Oliver Wong - 04 Apr 2006 17:44 GMT >I am a little bit tired of this obsession people have with XML and XML > technology. Please share your thoughts and let me know if I am thinking [quoted text clipped - 30 lines] > > Please let me know what you think. If your complaint is file size during network transfer, compress the file before sending it.
If your complaint is file size during parsing, use SAX instead of DOM, and don't keep the whole file in memory at once.

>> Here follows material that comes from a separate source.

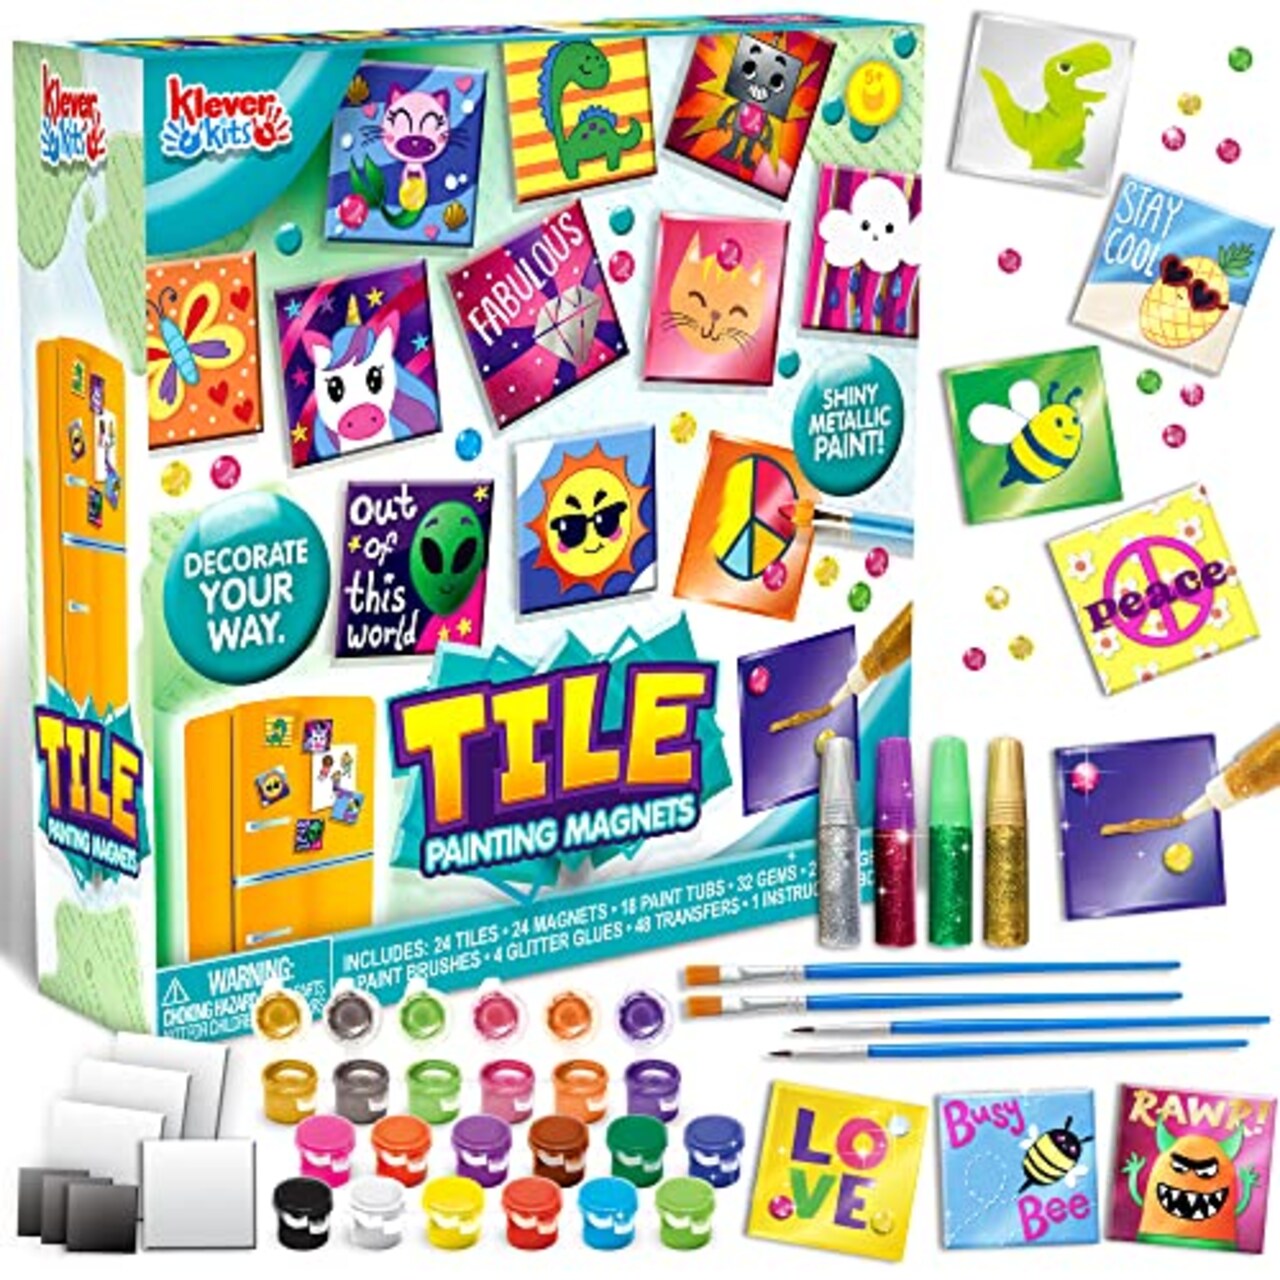 JOYIN 24 Magnetic Mini Tiles Art Kit, Creativity DIY Paint, Arts and Crafts  for Kids, DIY Supplies for Party Favors, Family Activity, Birthday Present,  Toys Gifts for Boys and Girls Ages 4-12

Use the right tool for the job. If for whatever problem you're trying to solve, you've got a better tool than XML, then use it. But if the problem is "The government requires me to use XML", then I can't think of a better tool than XML to solve that particular problem (except maybe emmigration ;)).
- Oliver
James McGill - 04 Apr 2006 17:56 GMT > except maybe emmigration You say that as though anyone would ever leave the utopian paradise that is Canada...
Lasse Reichstein Nielsen - 04 Apr 2006 17:58 GMT > I am a little bit tired of this obsession people have with XML and XML > technology. Hear hear! Seems some people think XML is the solution to all problems. I'd rather classify it as the lowest common denominator for exchanging tree-structured data - and definitly not something fit for humans to read or write directly.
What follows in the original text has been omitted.